### Supplied information
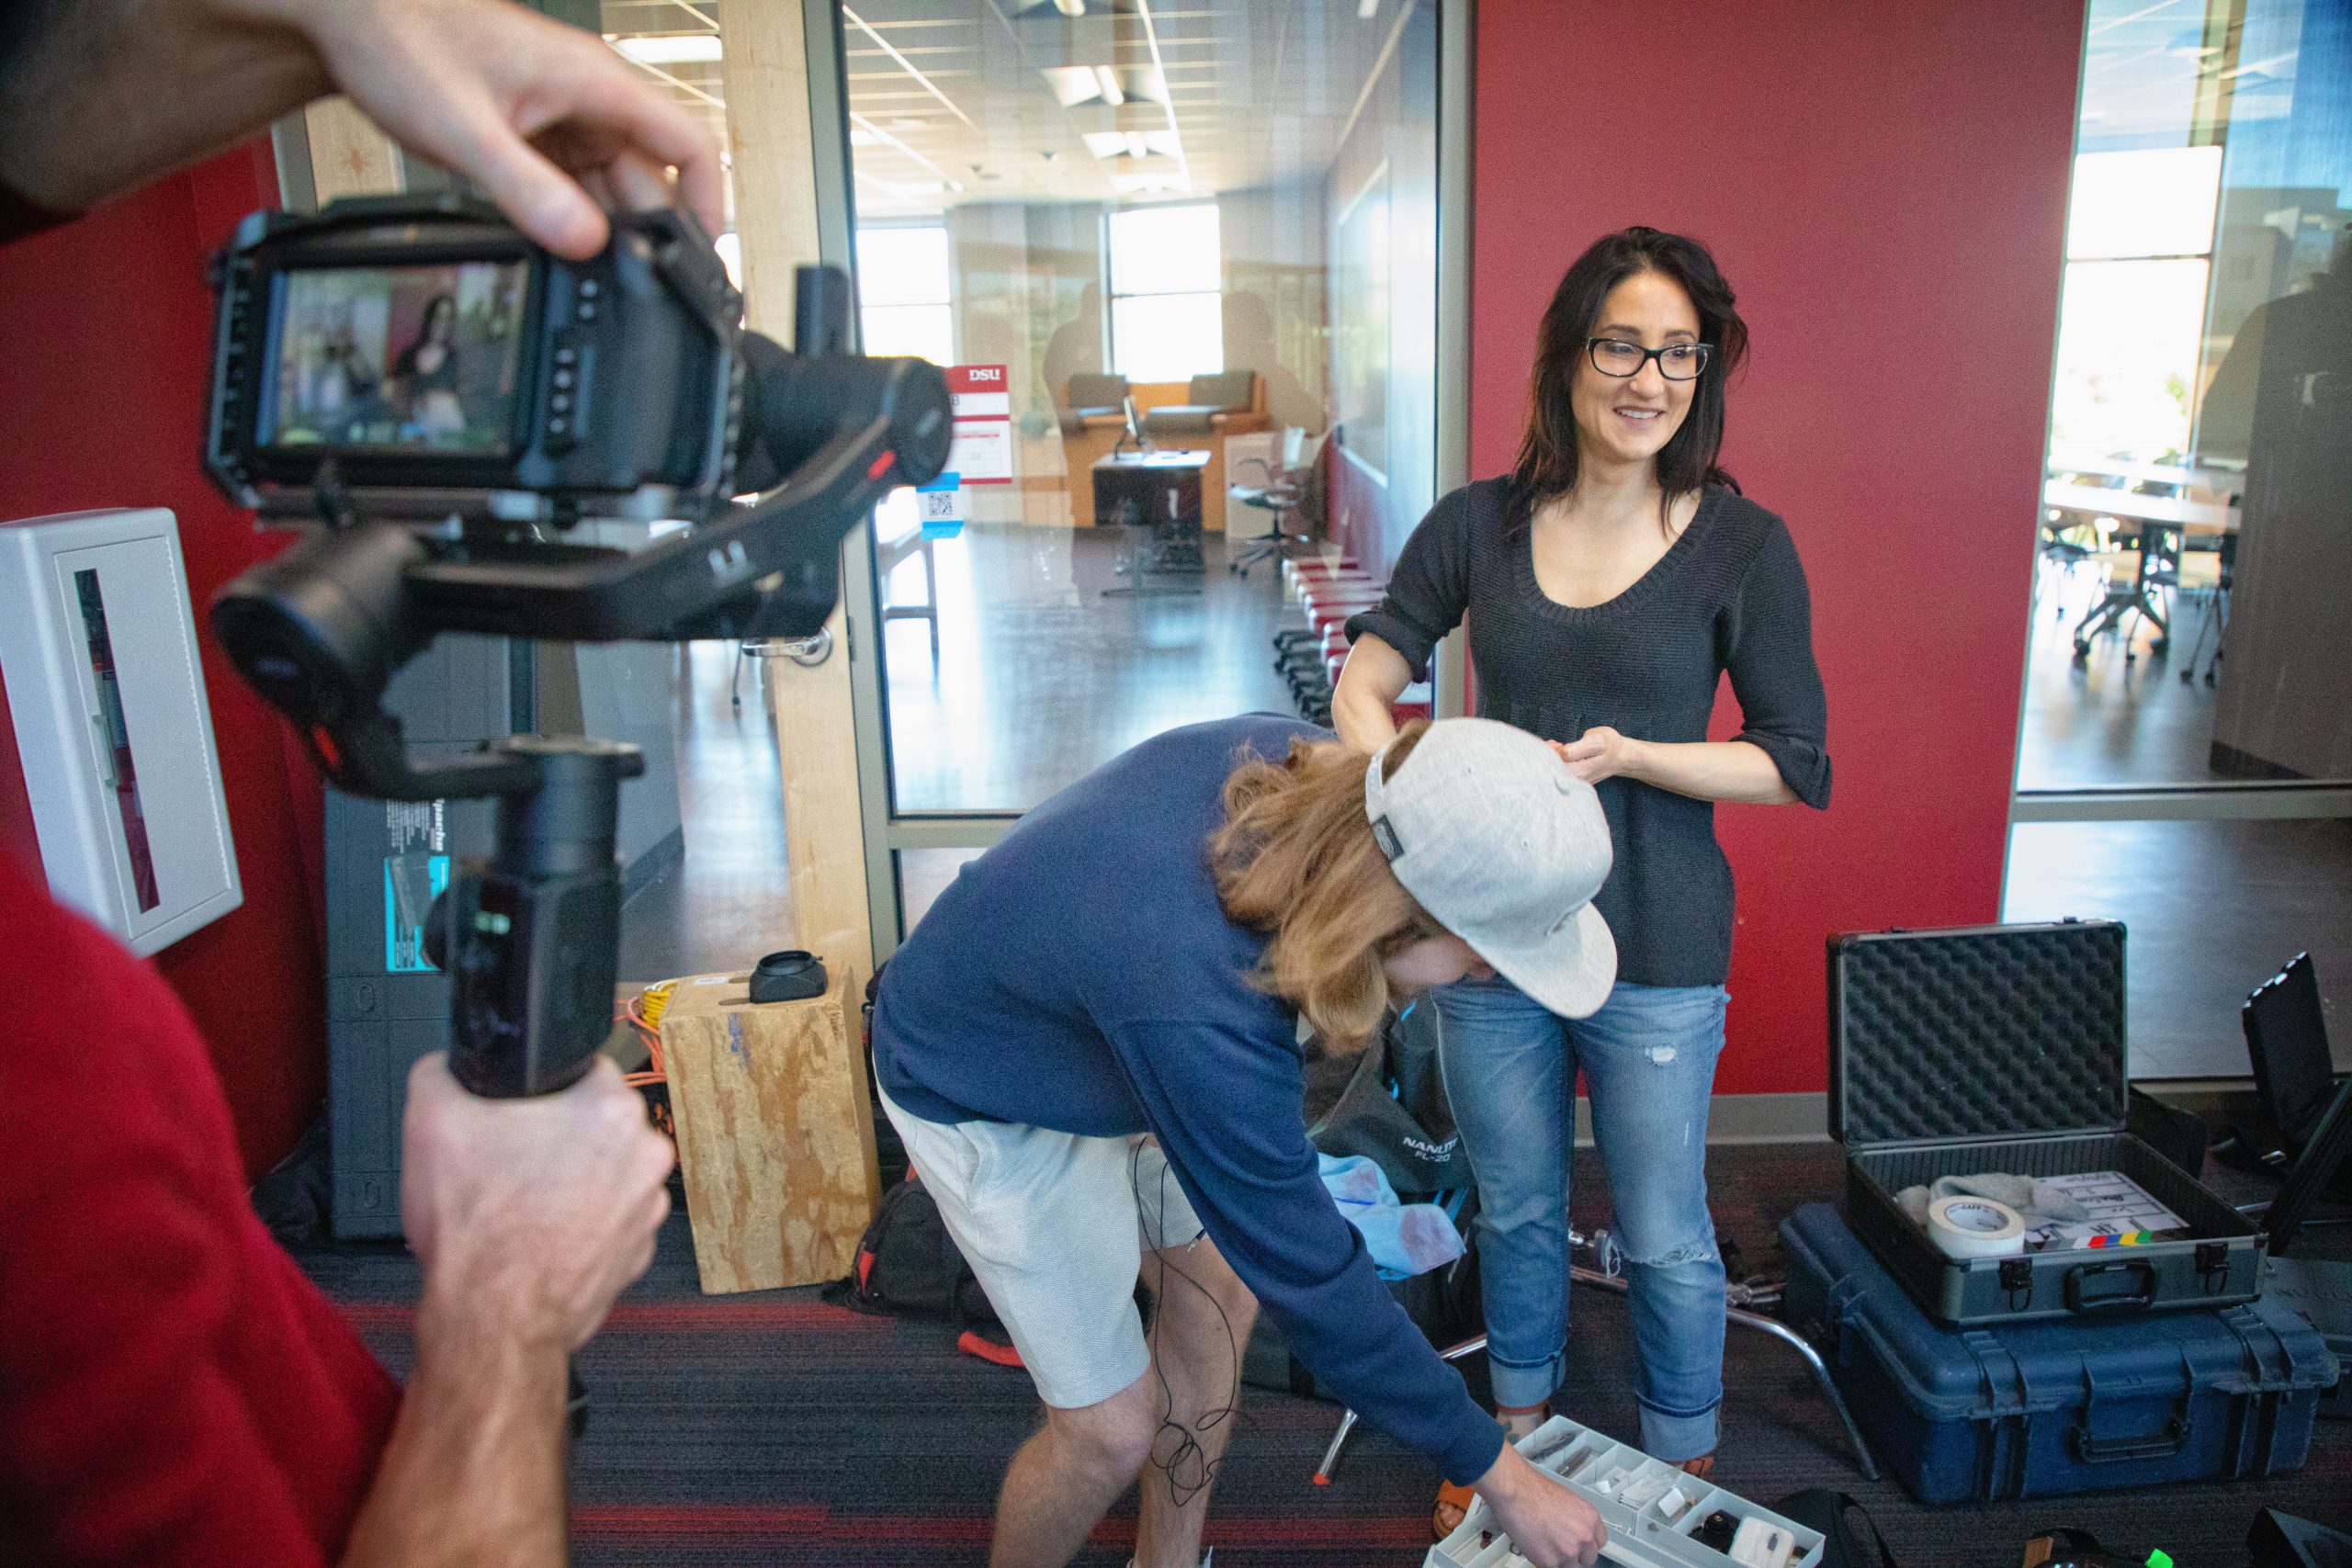 DOCUTAH provides students with hands-on polytechnic experiences
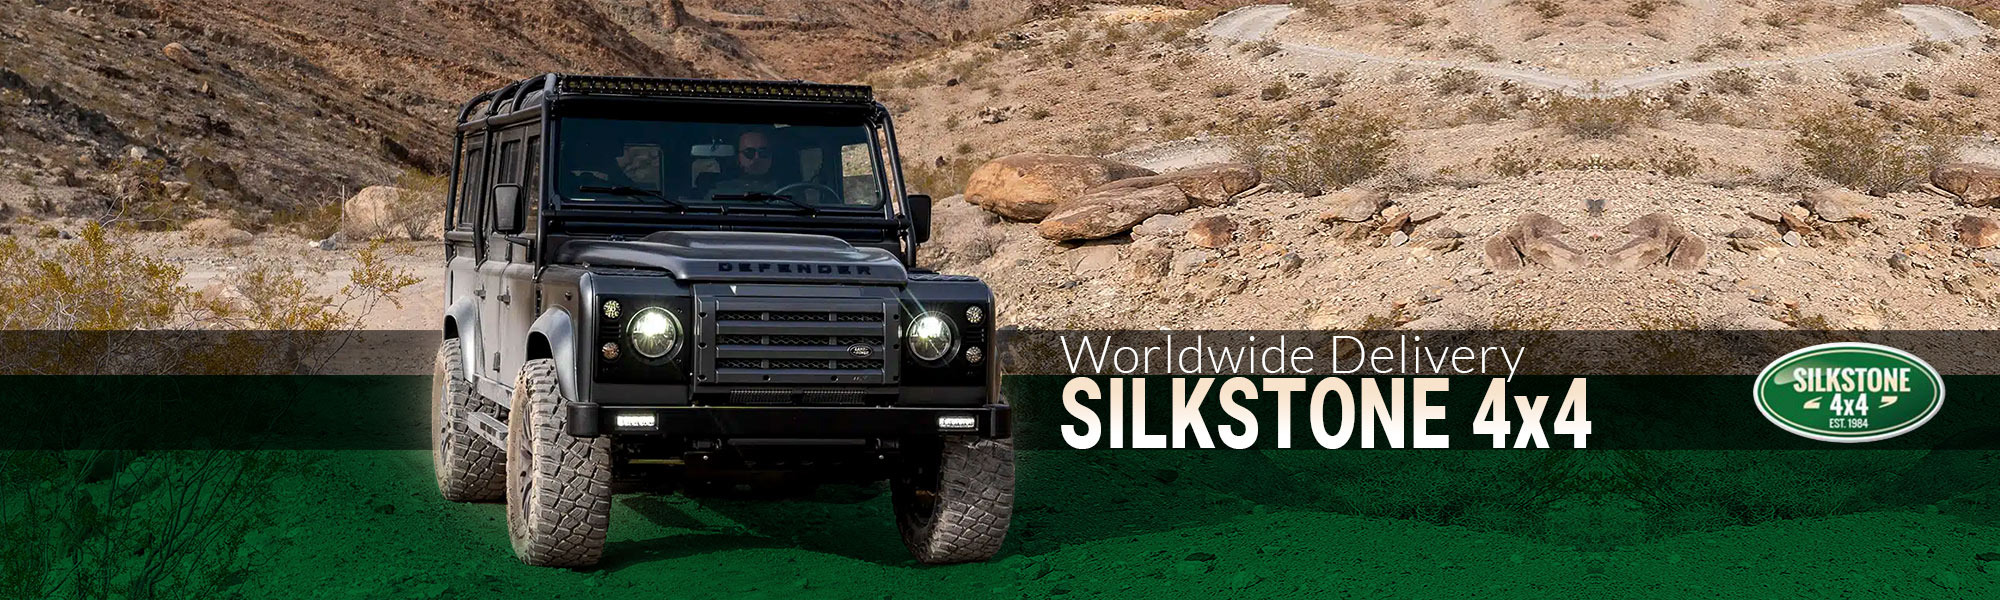 Worldwide Delivery and USA Exports at Silkstone 4x4,  Barnsley, South Yorkshire
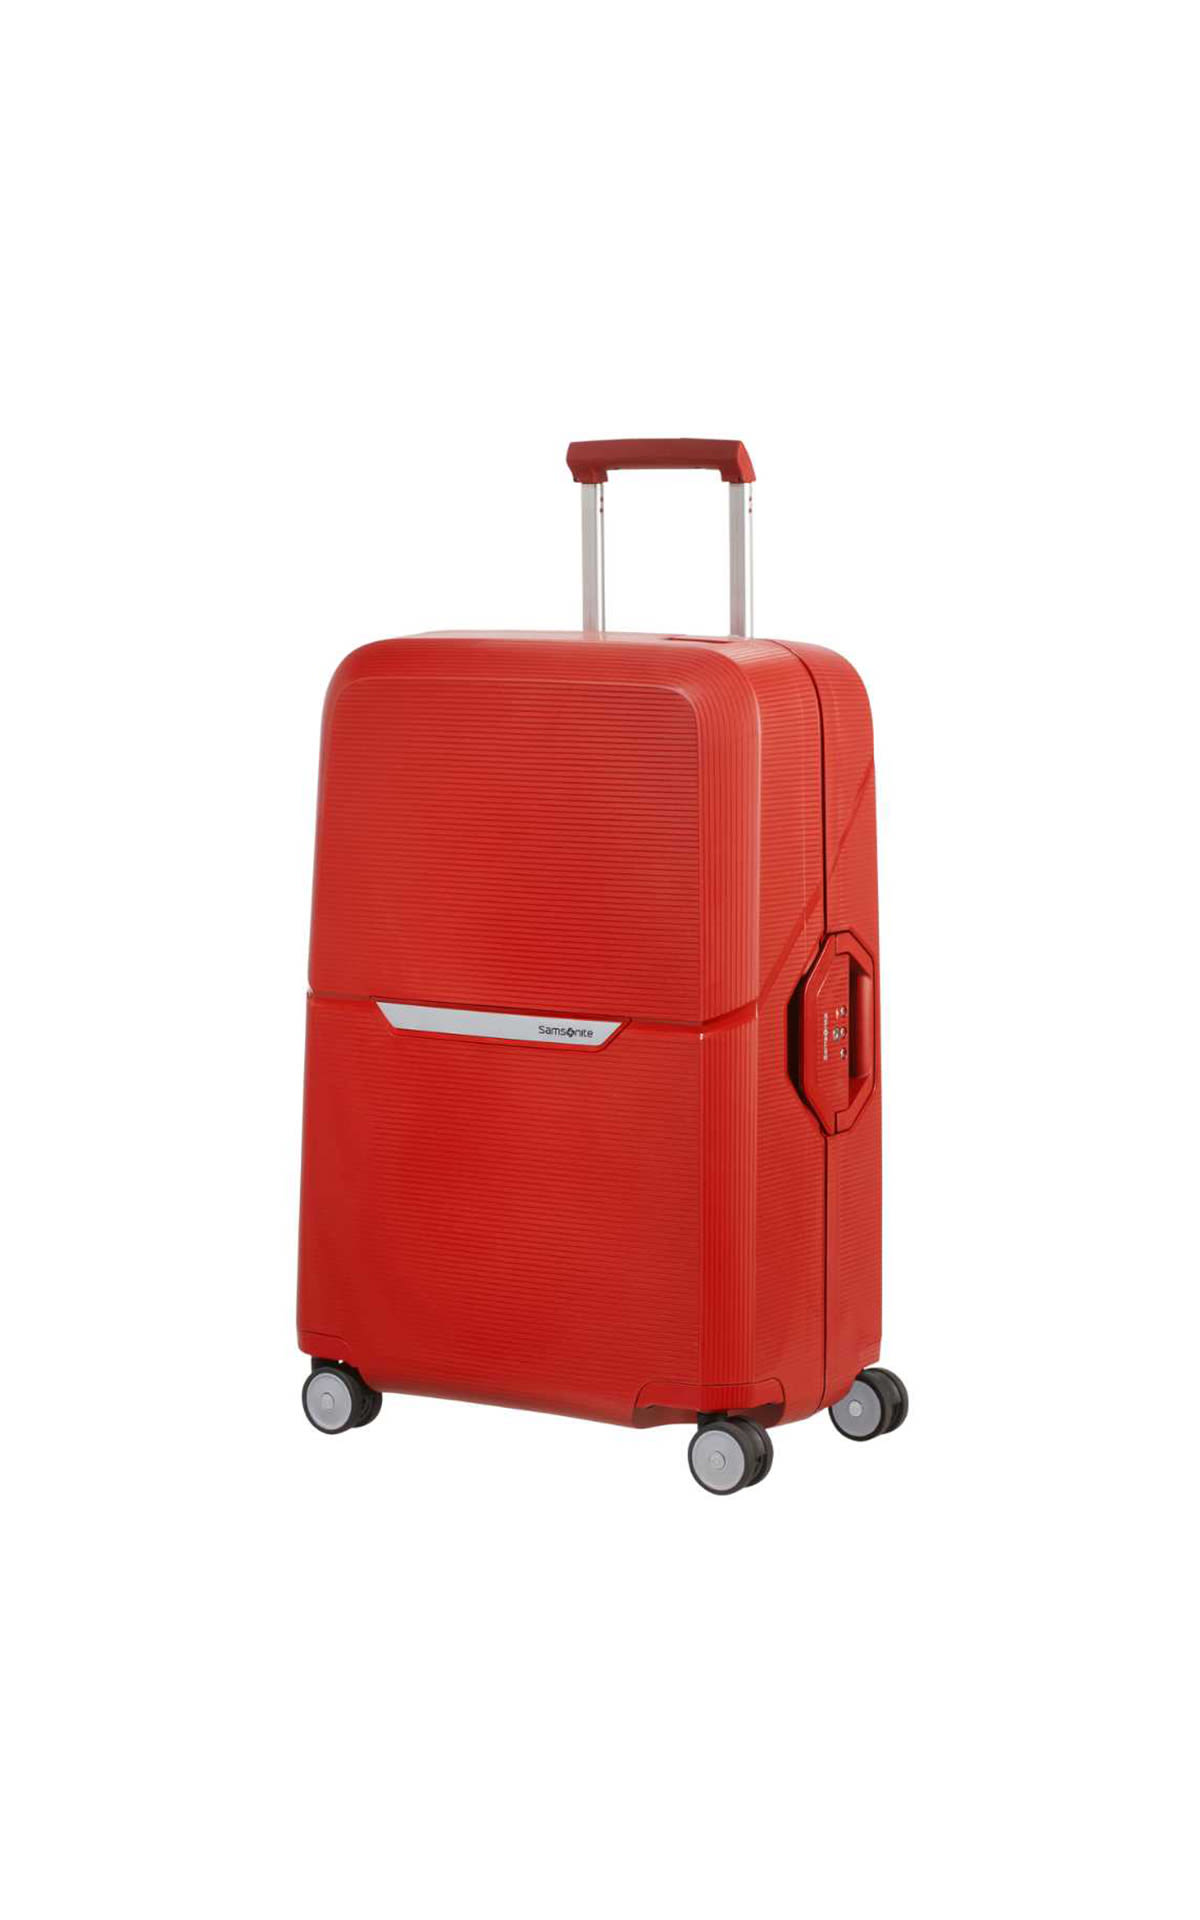 Magnum Spinner red suitcase
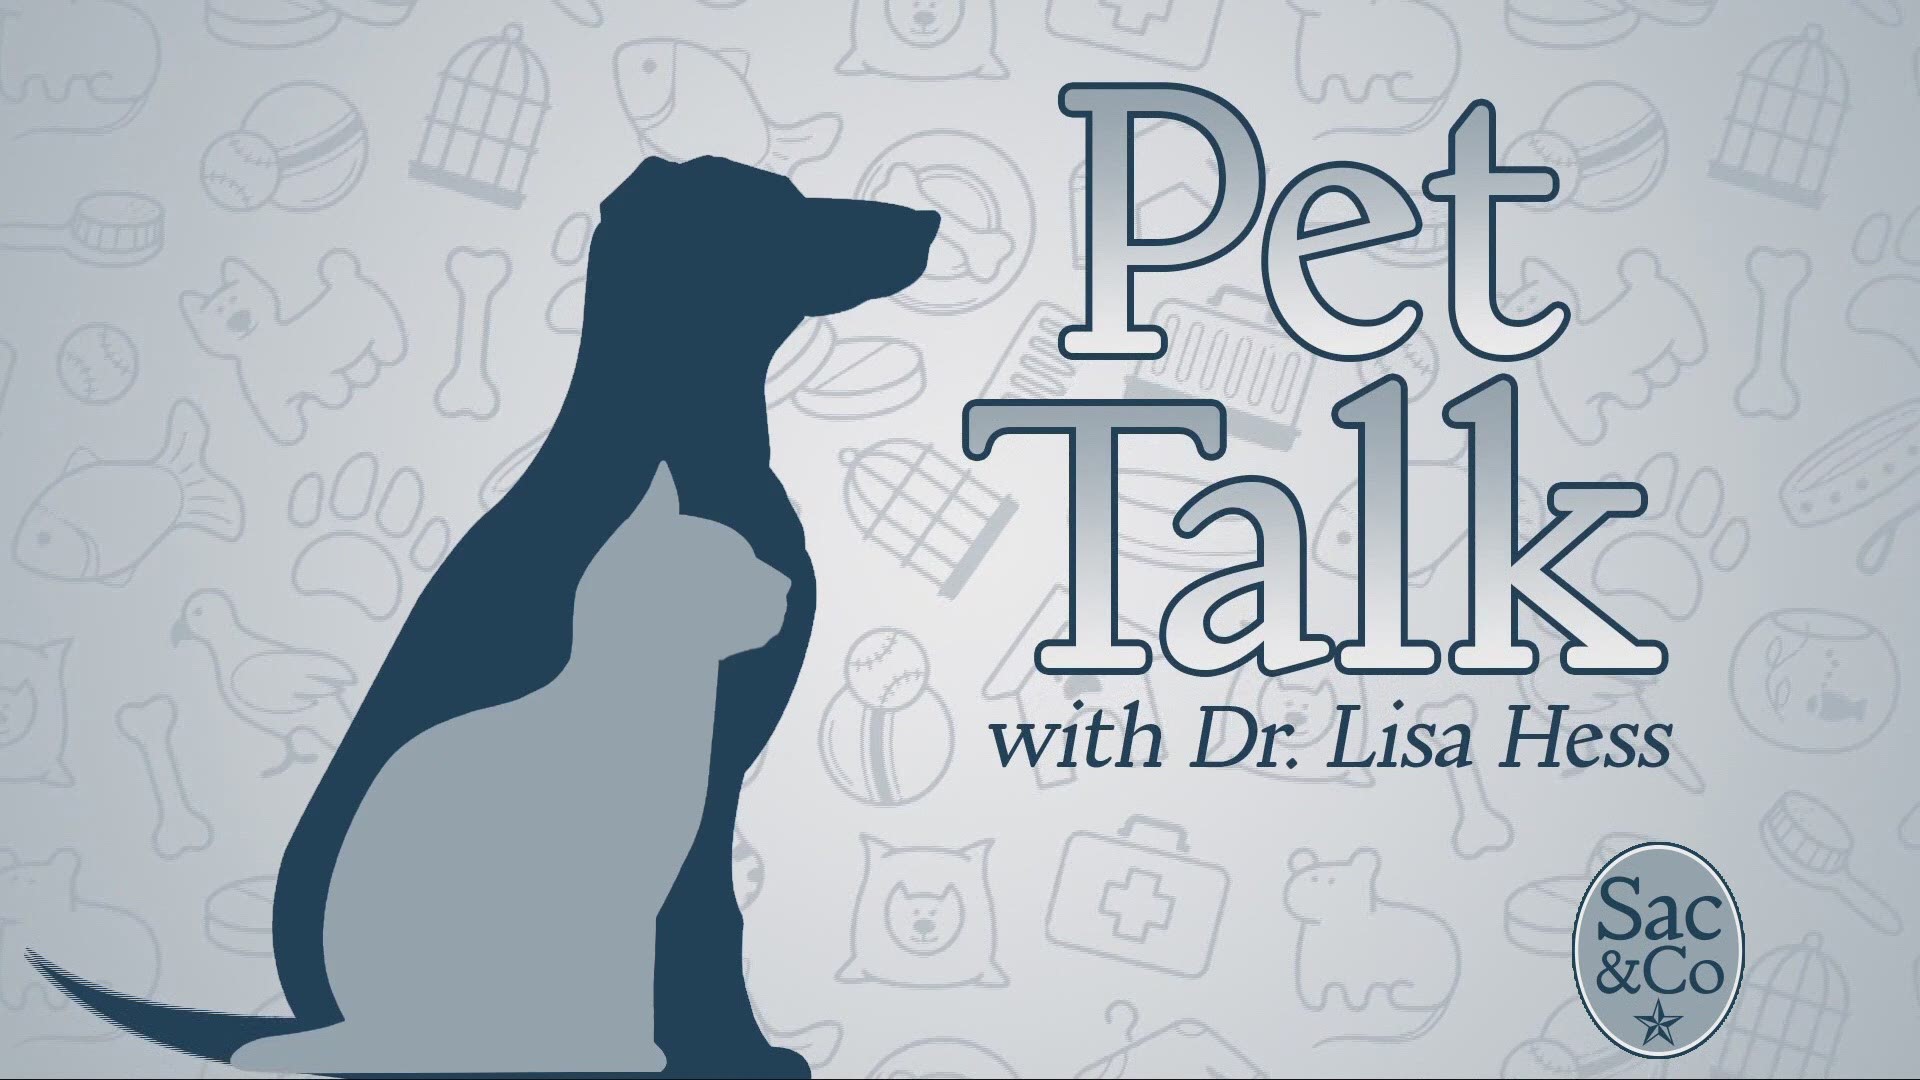 The holidays are a wonderful time of year! But they can also be dangerous for our four-legged family members. Keep your pets safe this holiday season. Dr. Lisa Hess tells us how!

### Work request
Every line of the listing is to be retyped exactly; pictures stay out.

### Exercise output
 DOCUTAH provides students with hands-on polytechnic experiences
 Worldwide Delivery and USA Exports at Silkstone 4x4,  Barnsley, South Yorkshire
 Magnum Spinner red suitcase
 The holidays are a wonderful time of year! But they can also be dangerous for our four-legged family members. Keep your pets safe this holiday season. Dr. Lisa Hess tells us how!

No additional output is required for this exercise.